Personal information
- Full name: Jonathan Schofield

Playing information
Club
| Years | Team | Pld | T | G | FG | P |
| 2009 | Hunslet Hawks | 1 | 0 | 3 | 0 | 6 |
| 2009–10 | York City Knights | 7 | 9 | 8 | 0 | 38 |
| 2012–2014 | Dewsbury Rams | 14 | 3 | 0 | 1 | 13 |
|  | Total | 22 | 12 | 11 | 1 | 57 |

Coaching information
Club
| Years | Team | Gms | W | D | L | W% |
| 2017 | Dewsbury Rams |  |  |  |  |  |
| 2019 | Hunslet Warriors |  |  |  |  |  |
|  | Total | 0 | 0 | 0 | 0 |  |
- Source: As of 26 May 2020

= Jonathan Schofield =

Rugby league player, coach, & executive

Jonathan Schofield is the current general manager of Super League club Wakefield Trinity. He is a former professional rugby league player and coach.

==Background==
He is the son of former Hull F.C., Leeds and Great Britain player Garry Schofield.

==Playing career==
===Early career===
Schofield spent time in the Leeds Rhinos and Castleford Tigers academy systems.

===Hunslet Hawks===
Schofield joined League 1 outfit, Hunslet for the 2009 season. He kicked 3 goals on his debut in a victory over London Skolars. Despite a solid performance, Schofield did not retain his place in the side. He was allowed to leave the club in July 2009 without adding to his solitary appearance.

===York City Knights===
York City Knights announced the double signing of Schofield and future super league star Tom Lineham in July 2009.

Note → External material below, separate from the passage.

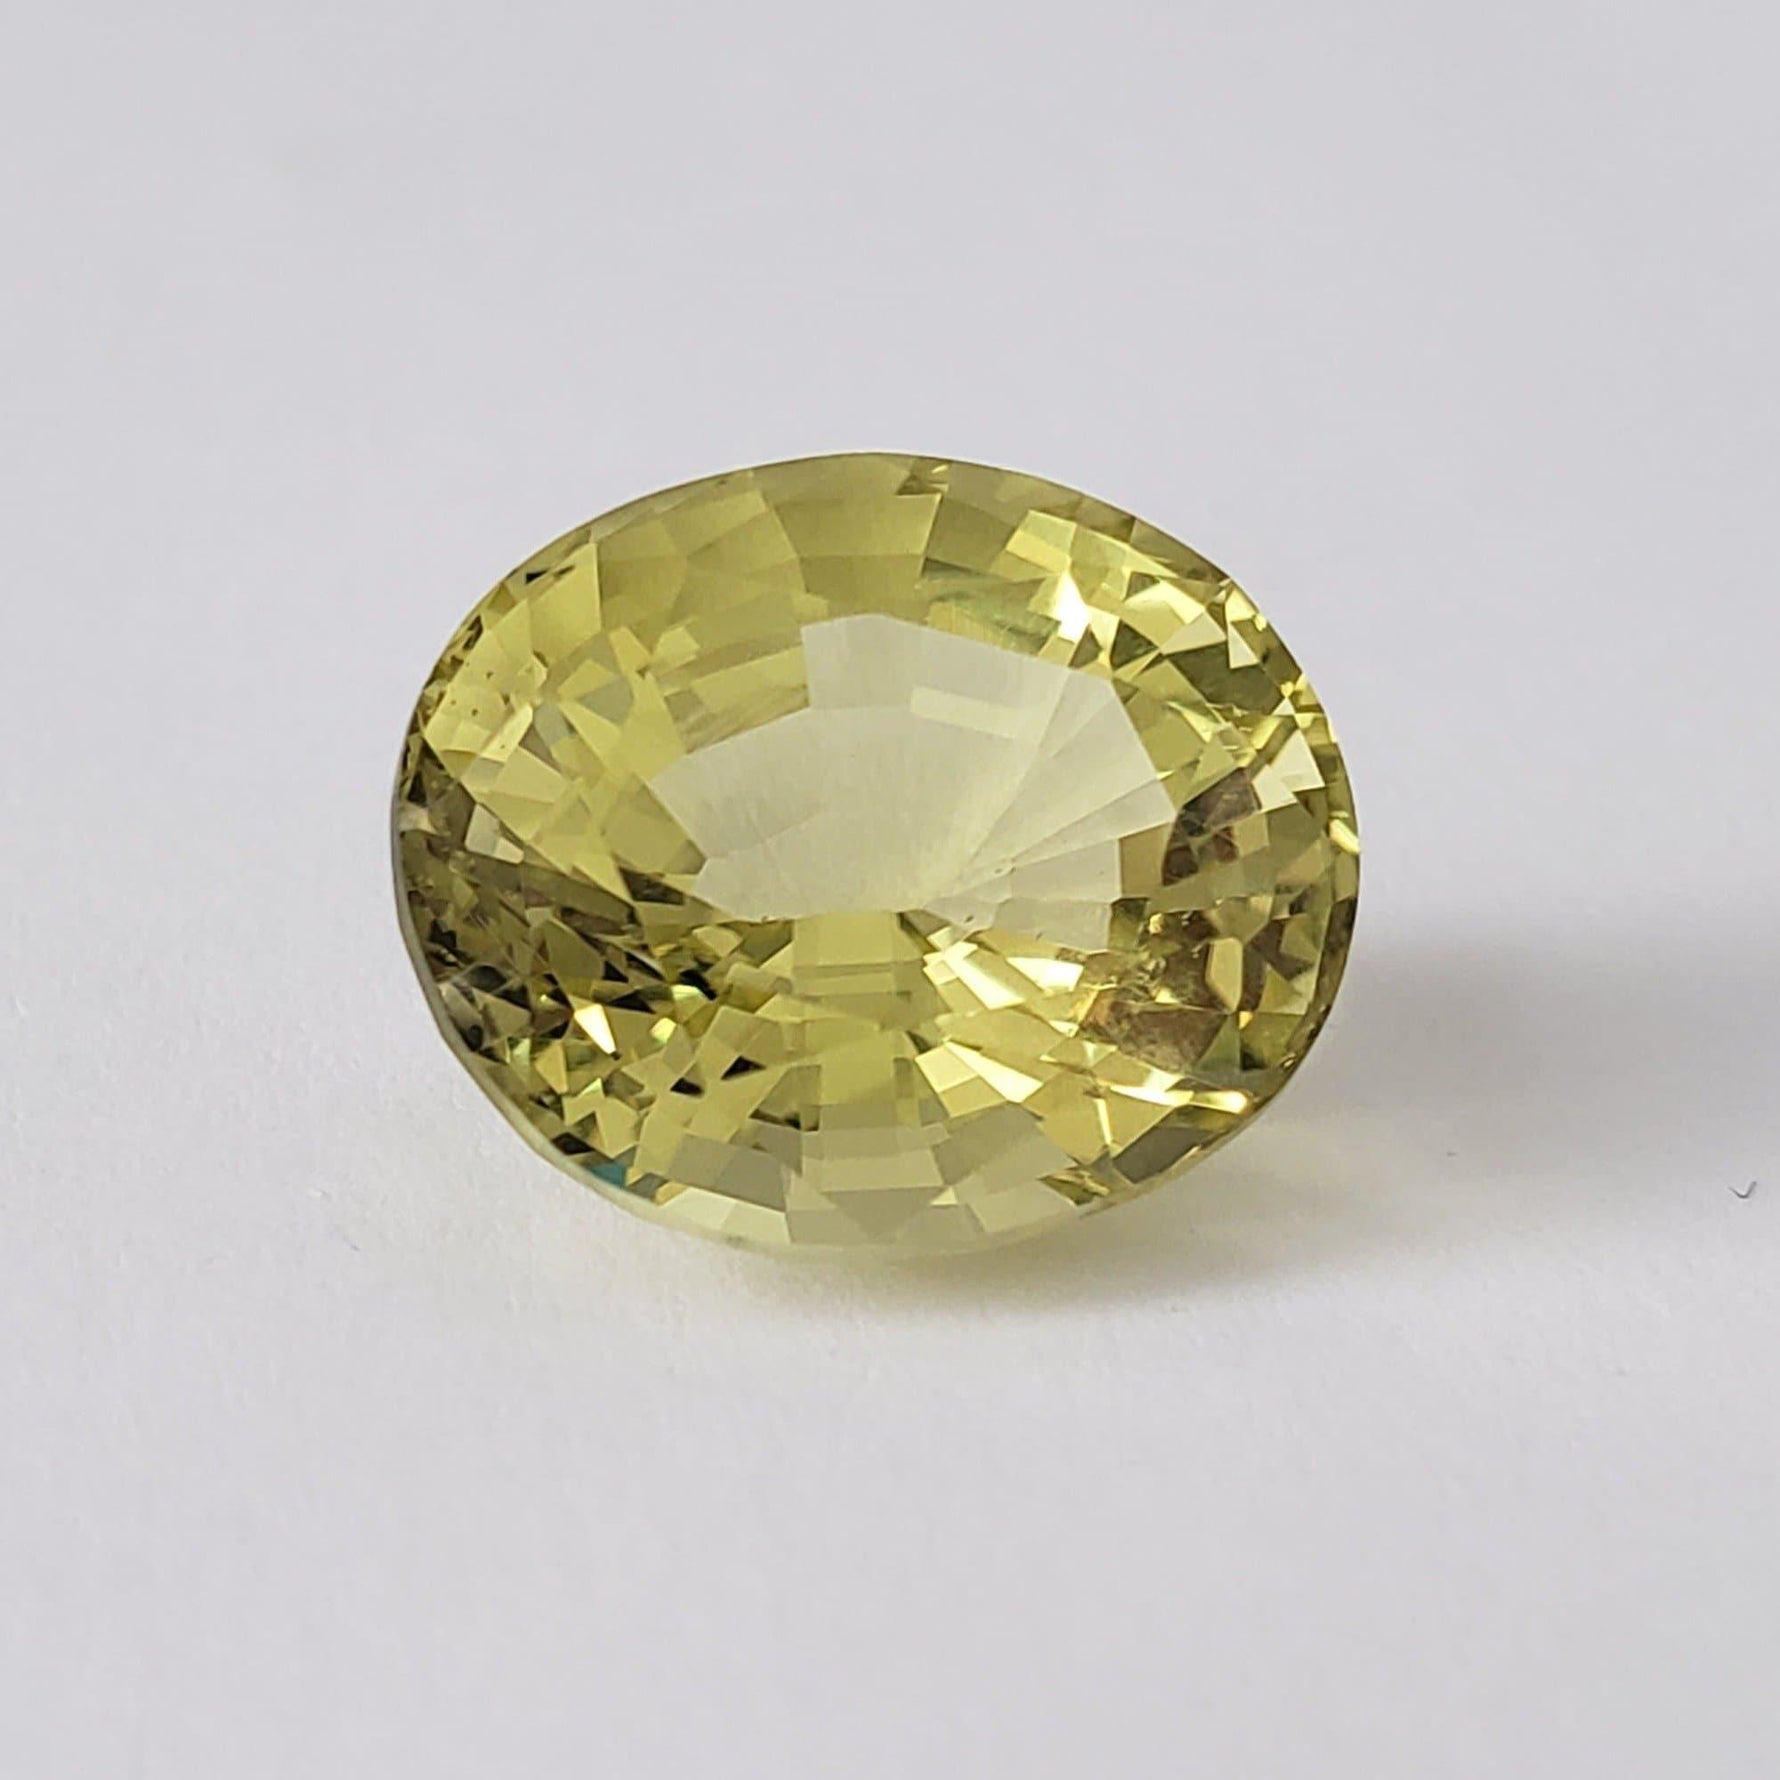 Lemon Quartz | Faceted Oval Cut | Greenish Yellow | 14x12mm 9.04ct

Ironically, his first Knights appearance came against London Skolars who he had debuted against for Hunslet earlier that same season. He scored 2 tries and kicked 8 goals as the Knights romped to a 64–0 victory. After such an impressive debut it came as a surprise to many when he was not named in the squad for the next game. He did not feature again for the first team that campaign.

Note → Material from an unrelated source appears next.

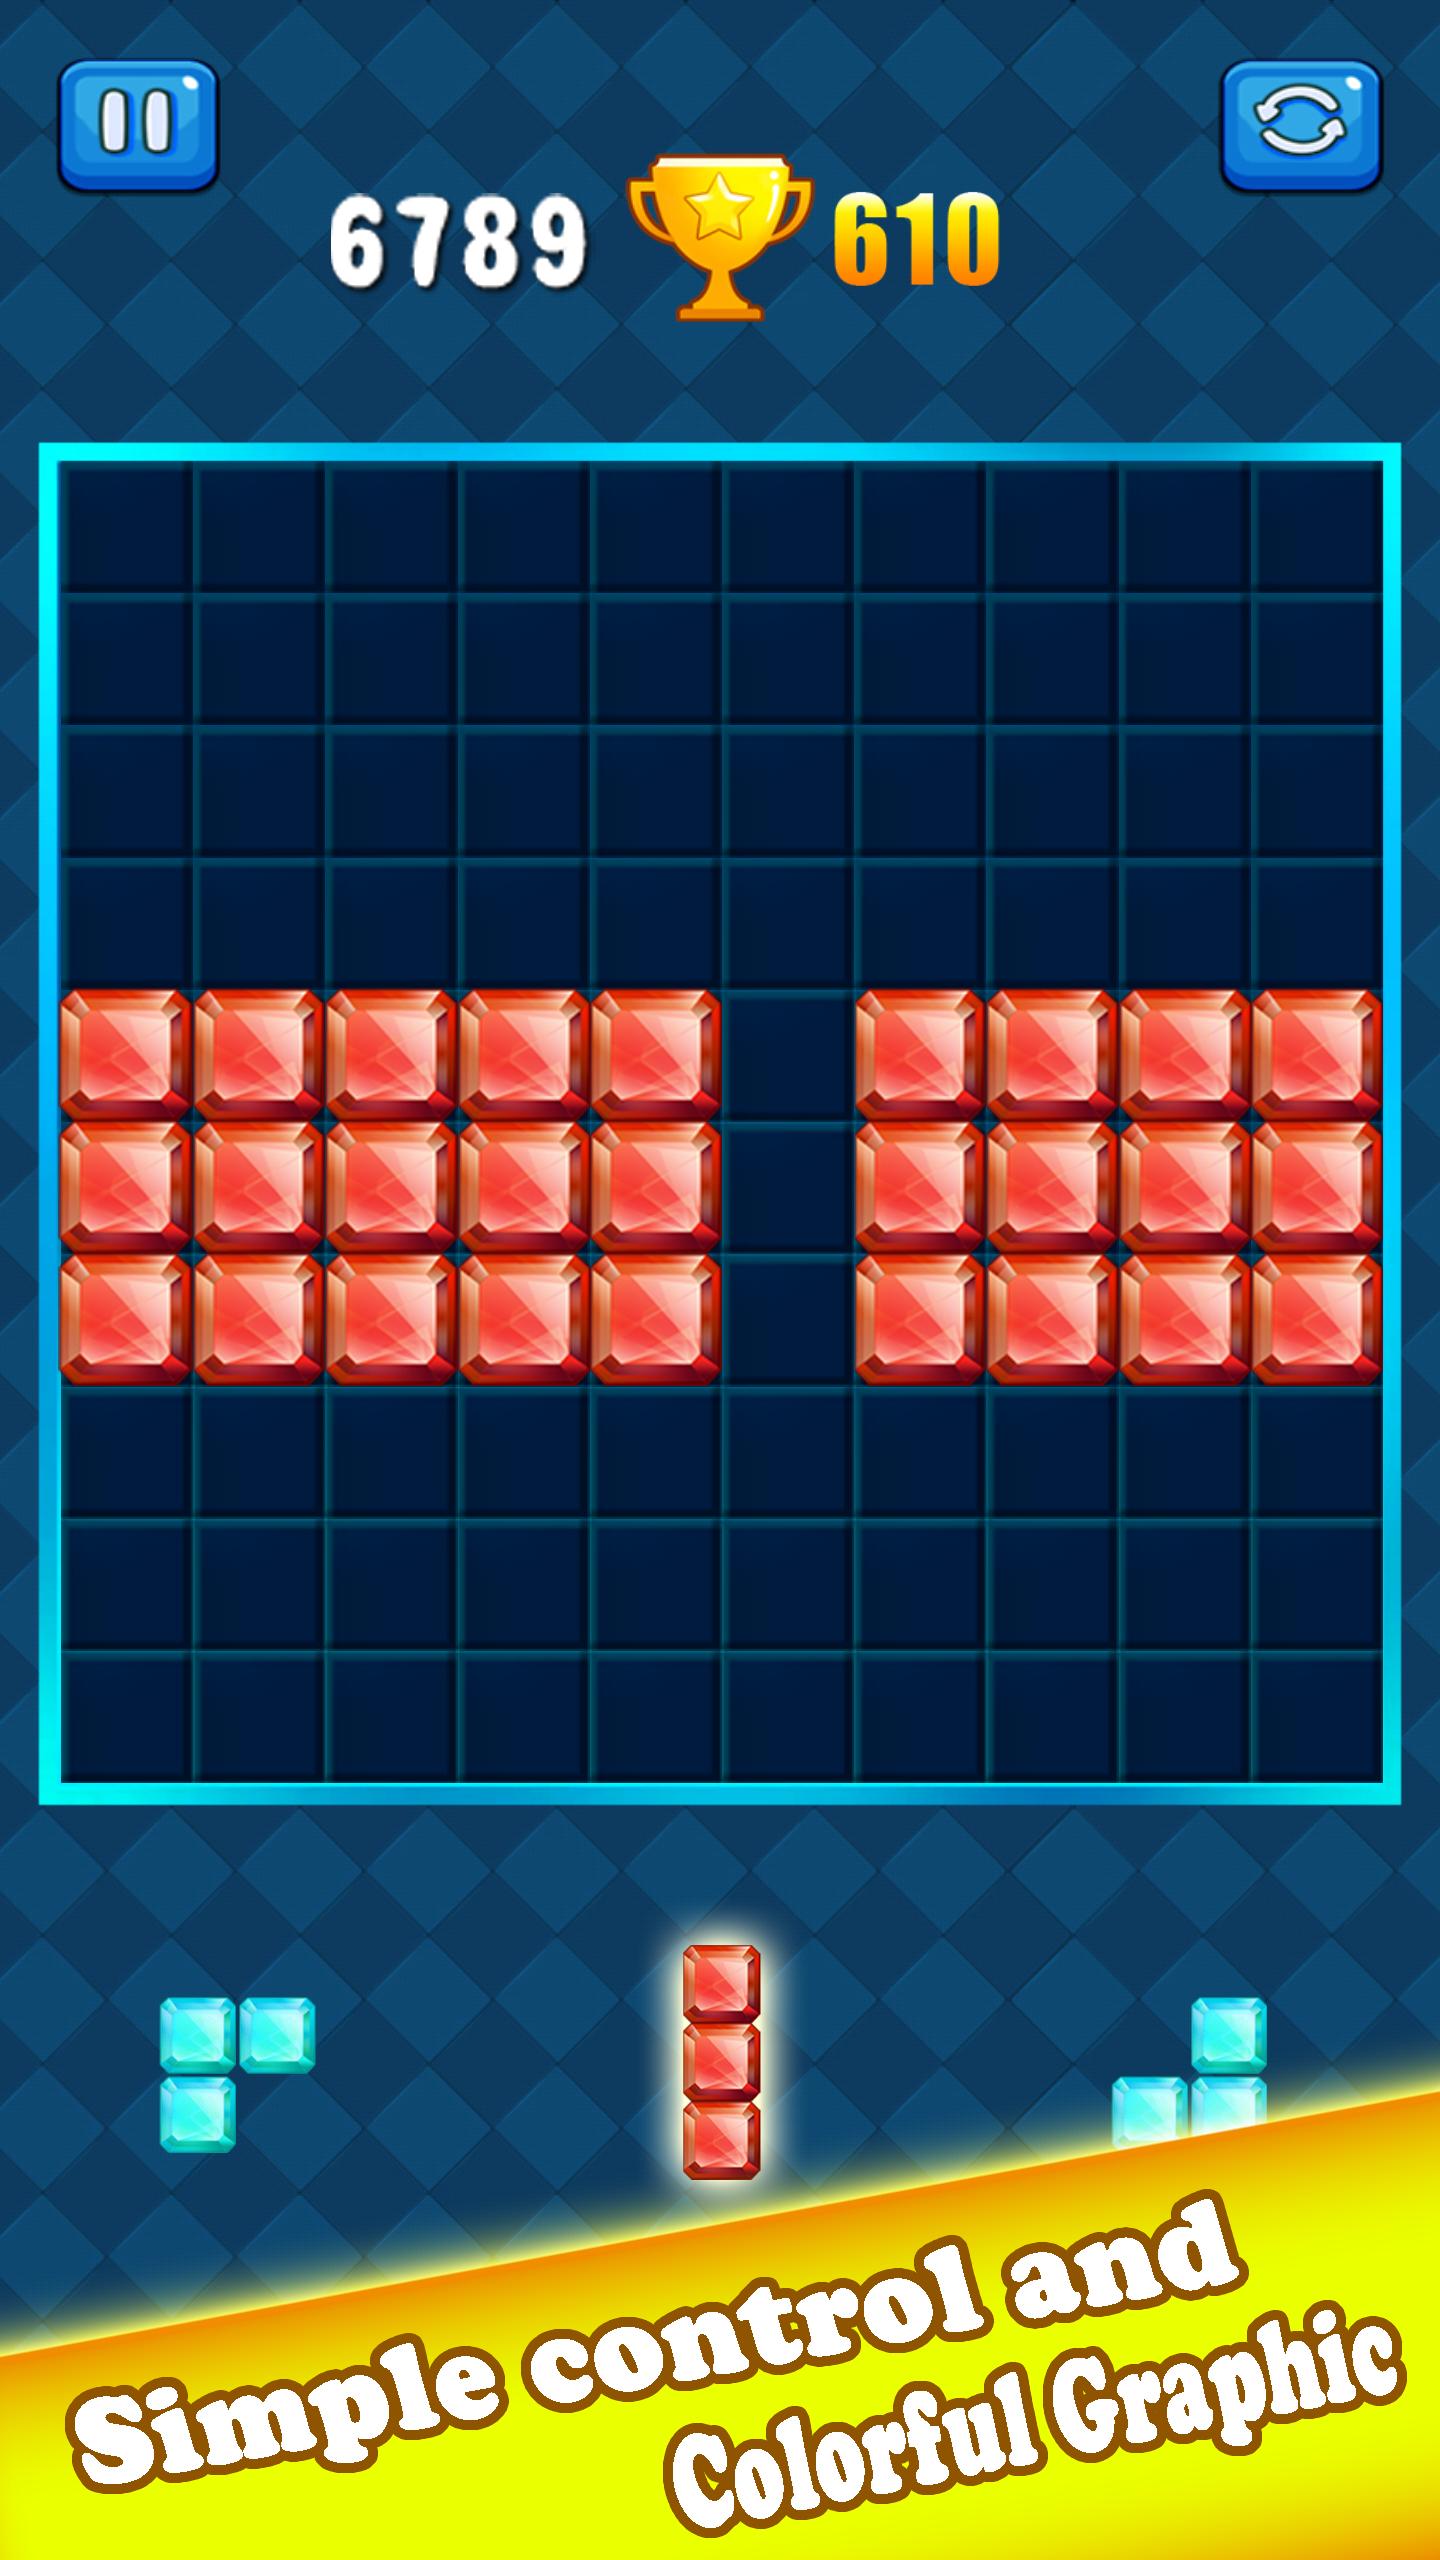 Juega al juego gratis Block Puzzle Jewel for Android - APK Download

He scored 7 tries in 6 appearances during the Knights' 2010 promotion-winning season. He was not included in the team for any of the play-off games and left the club at the end of the season.

===Dewsbury Rams===
Schofield signed for Dewsbury Rams in 2012. He played for the club for three seasons before taking up a role on the coaching staff.

==Post-playing career==
===Dewsbury Rams===
Schofield took up a position as player-coach of the Dewsbury Rams reserves ahead of the 2015 season. He enjoyed early success in the role, leading the team to the 2015 Reserves Championship in his first season in charge.

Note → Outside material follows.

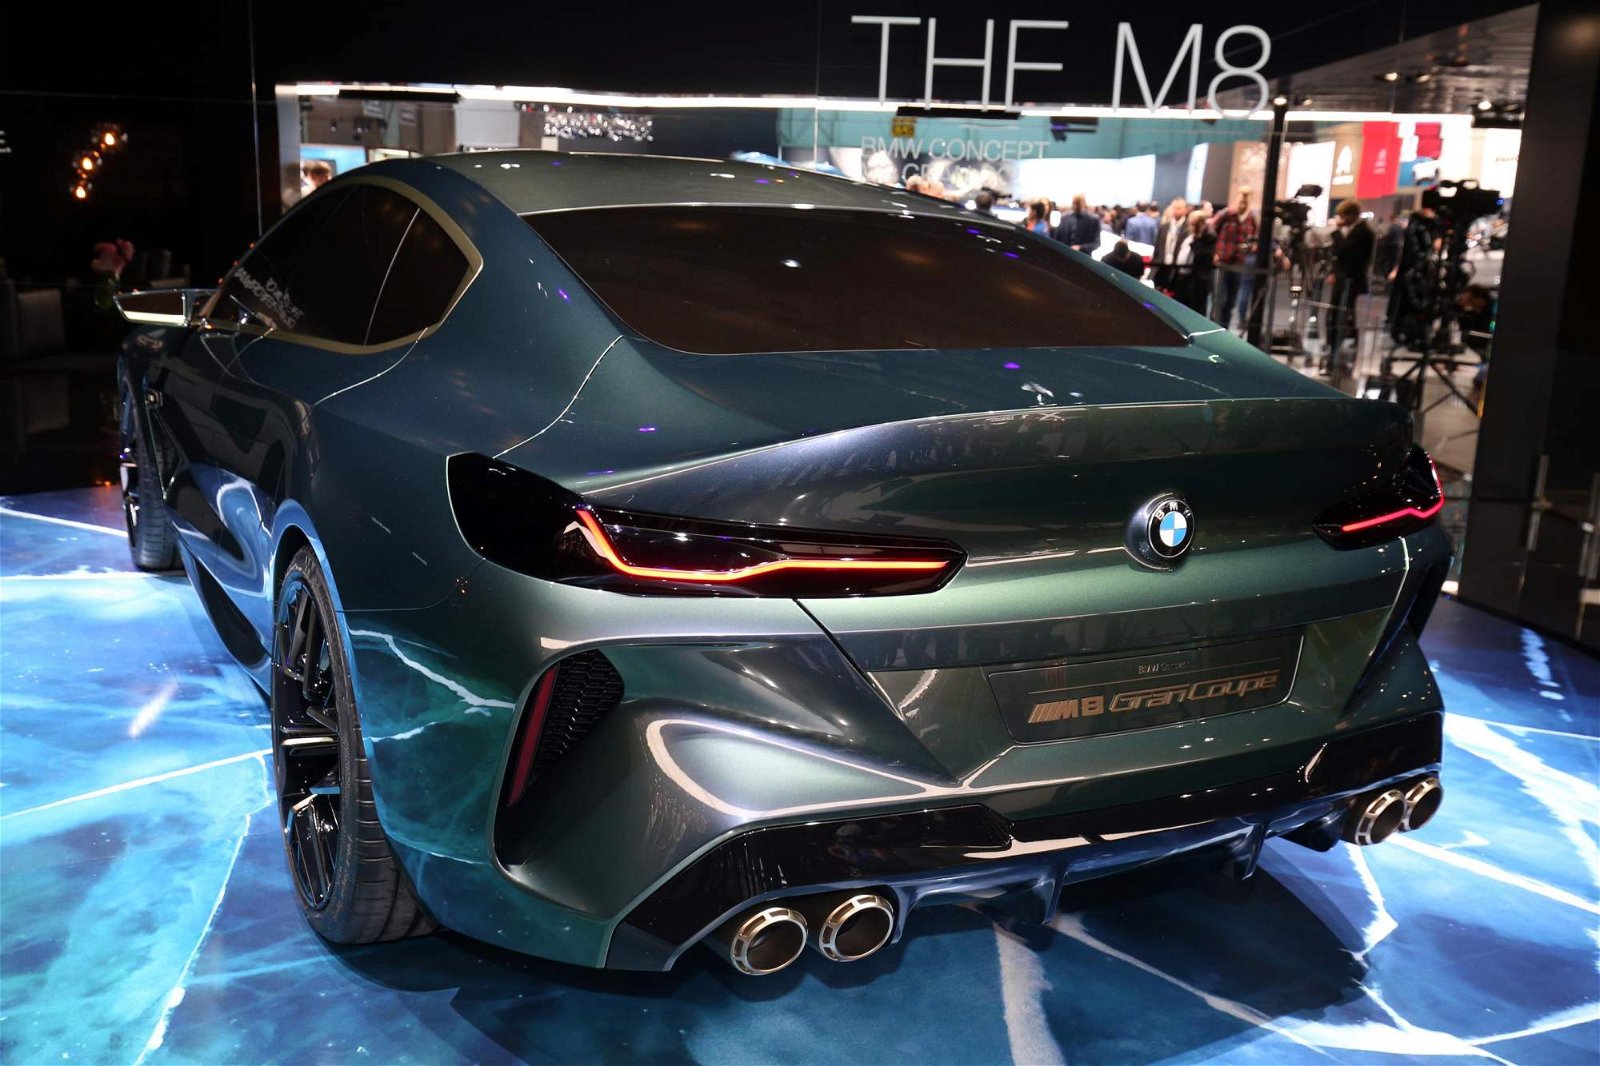 BMW-Concept-M8-Gran-Coupe-at-2018-Geneva-Motor-Show-11

In 2017, Schofield was appointed interim head coach along with Karl Pryce following the sacking of Glenn Morrison. Schofield's time in charge proved to be short-lived: The Rams appointed Neil Kelly as their new head coach less than a month later. Kelly quickly deemed Schofield to be surplus to requirements and fired him in order to bring in his own backroom staff.

===Hunslet Warriors===
In February 2019 Schofield was named head coach of National Conference League division 3 outfit Hunslet Warriors. The Warriors finished 2nd earning promotion to National conference division 2 in Schofield's first season in charge.

===Wakefield Trinity===
Schofield was named permanent general manager of super league side Wakefield Trinity in November 2019.